What to produce
Print exactly the line with "Review of Kodak" and every line after it, through the final line of the material below.

Given entries

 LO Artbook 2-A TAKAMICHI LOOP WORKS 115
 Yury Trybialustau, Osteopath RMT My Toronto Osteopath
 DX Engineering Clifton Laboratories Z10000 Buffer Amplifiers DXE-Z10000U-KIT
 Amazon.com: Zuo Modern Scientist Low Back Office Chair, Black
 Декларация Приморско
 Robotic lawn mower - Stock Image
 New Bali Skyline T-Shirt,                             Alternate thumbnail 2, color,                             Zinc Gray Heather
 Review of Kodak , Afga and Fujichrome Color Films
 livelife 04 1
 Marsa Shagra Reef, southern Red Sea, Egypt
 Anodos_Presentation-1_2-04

Written response
 Review of Kodak , Afga and Fujichrome Color Films
 livelife 04 1
 Marsa Shagra Reef, southern Red Sea, Egypt
 Anodos_Presentation-1_2-04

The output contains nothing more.